Entries supplied -
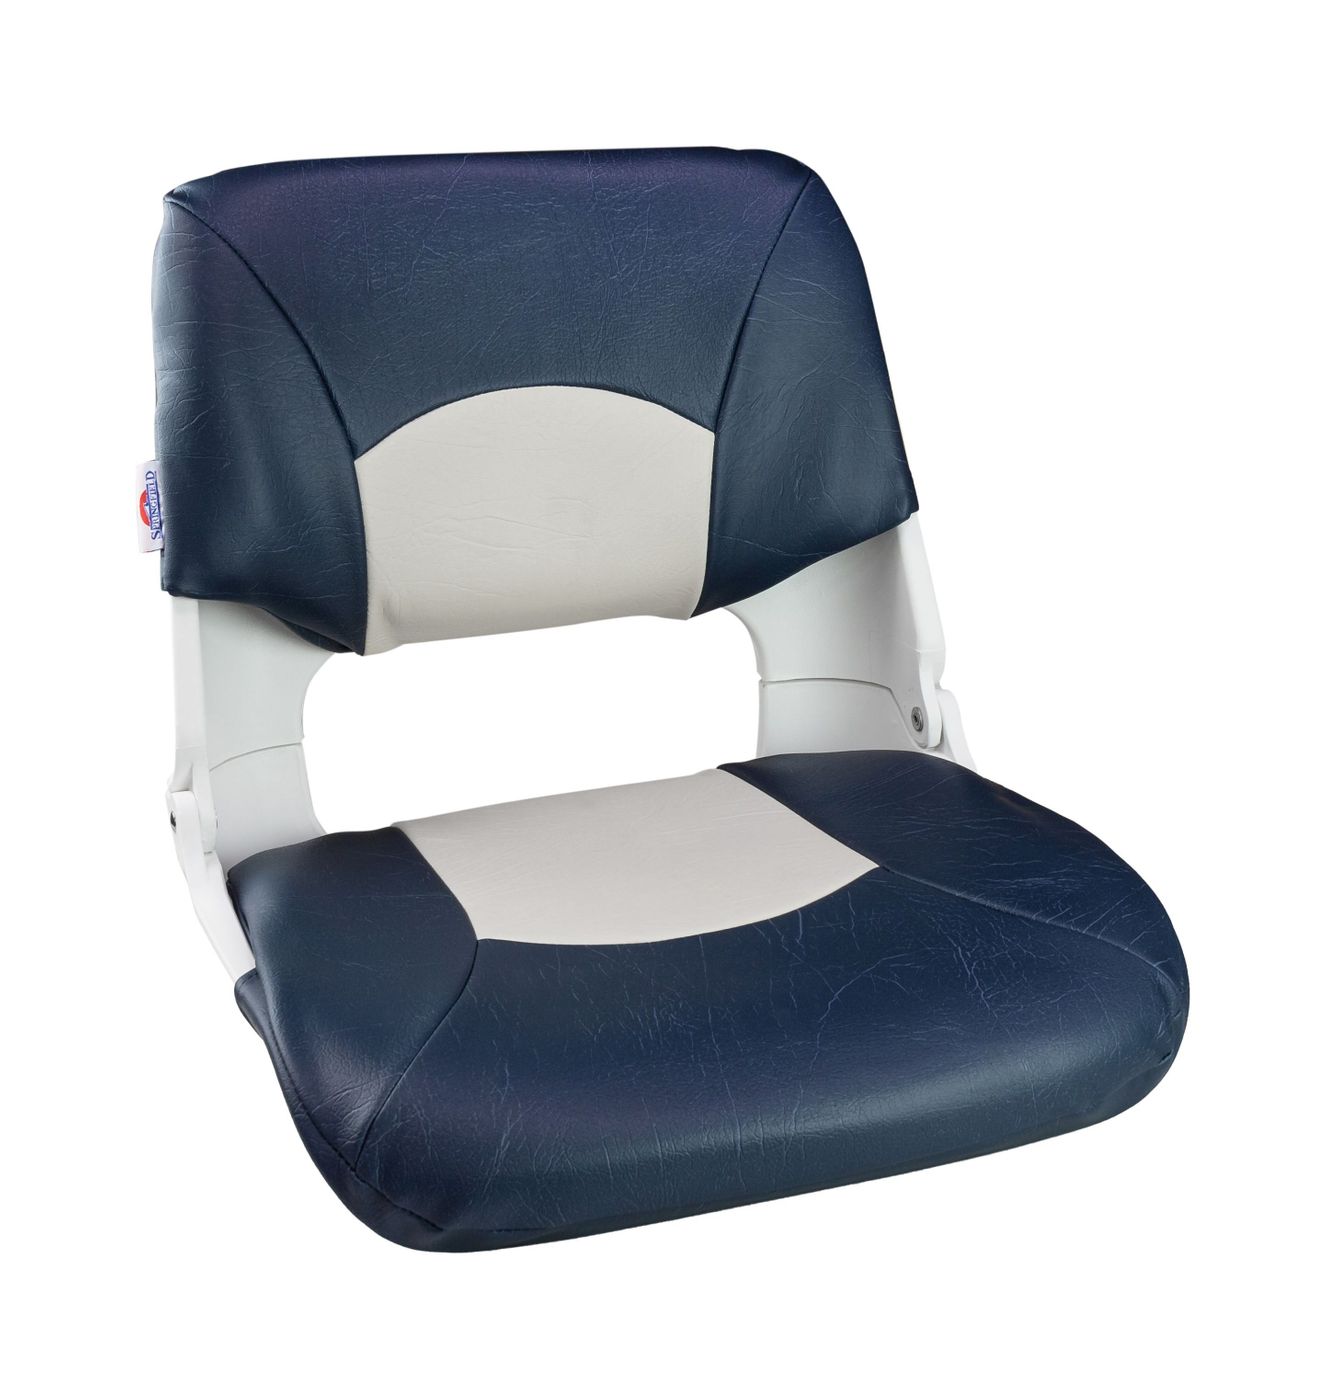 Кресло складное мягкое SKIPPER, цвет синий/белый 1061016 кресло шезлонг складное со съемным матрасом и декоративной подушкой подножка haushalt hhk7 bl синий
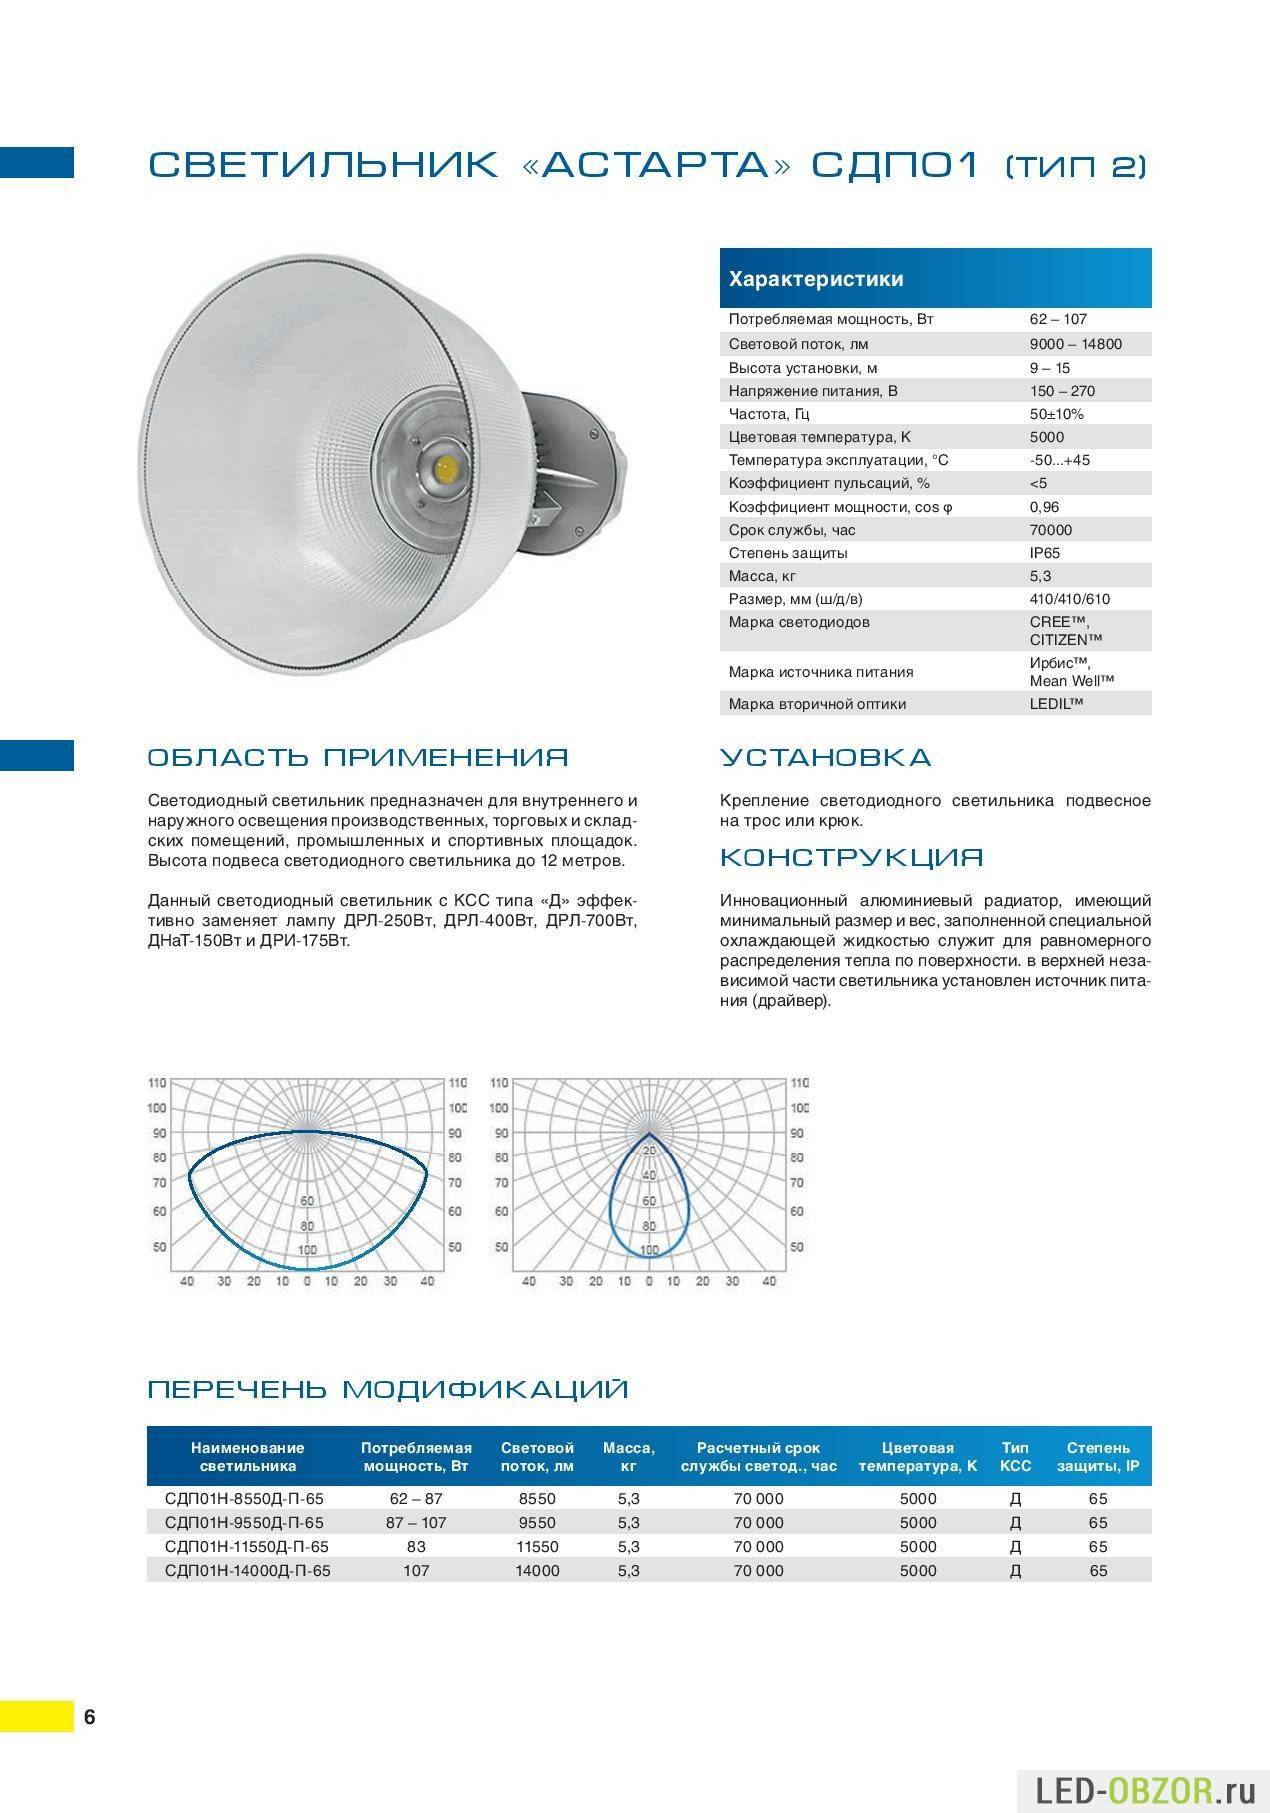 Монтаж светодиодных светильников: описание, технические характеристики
---
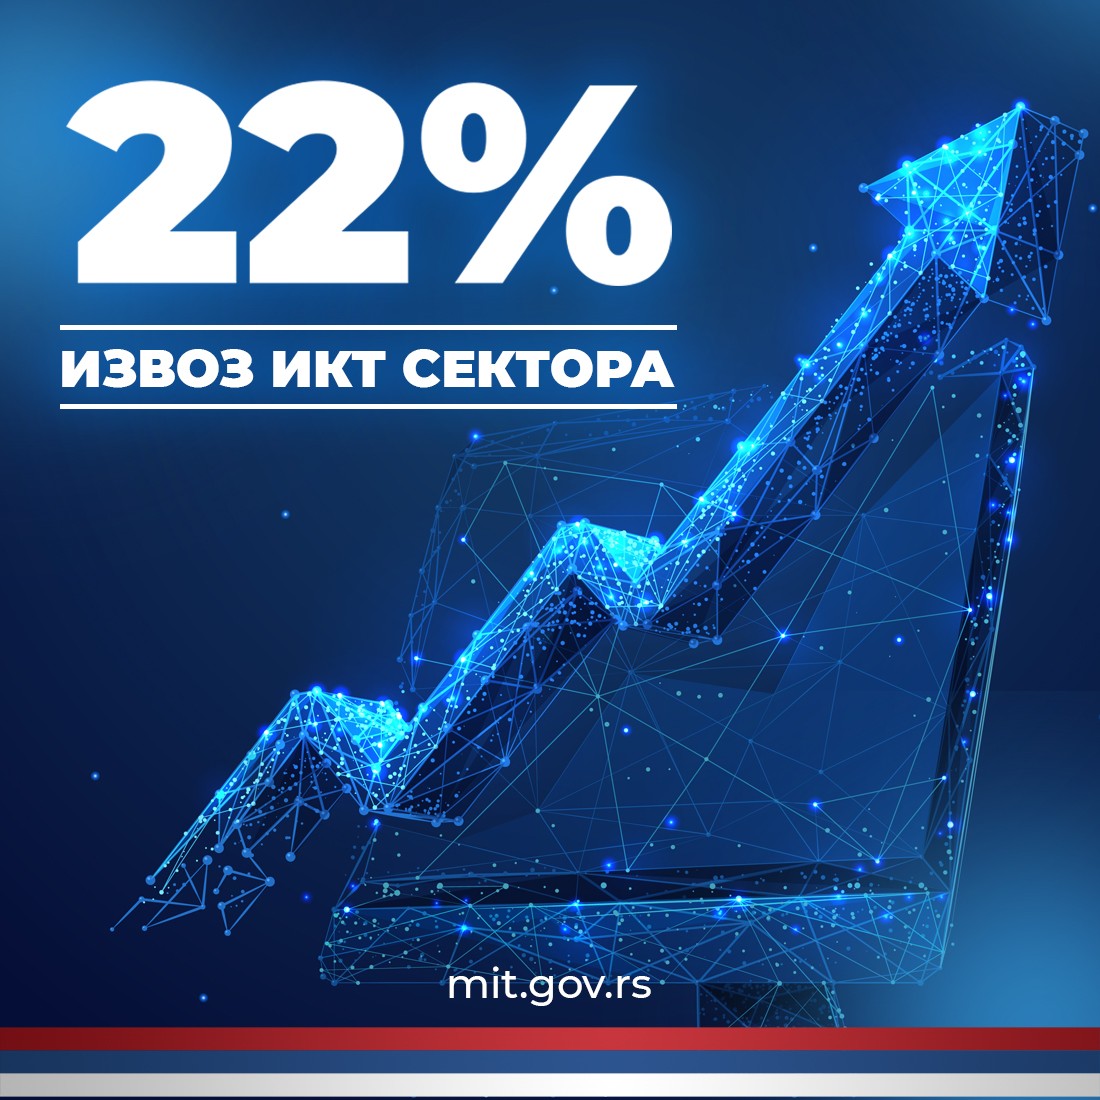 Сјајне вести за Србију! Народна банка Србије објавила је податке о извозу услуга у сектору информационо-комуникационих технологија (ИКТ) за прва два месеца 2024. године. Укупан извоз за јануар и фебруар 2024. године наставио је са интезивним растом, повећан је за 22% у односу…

What is being asked -
I would like the exact lines from the data above, starting with the one that holds "Кресло складное мягкое" and going on through the one that holds "Монтаж светодиодных светильников: описание, технические", without the pictures.

Exercise output -
 Кресло складное мягкое SKIPPER, цвет синий/белый 1061016 кресло шезлонг складное со съемным матрасом и декоративной подушкой подножка haushalt hhk7 bl синий
 Монтаж светодиодных светильников: описание, технические характеристики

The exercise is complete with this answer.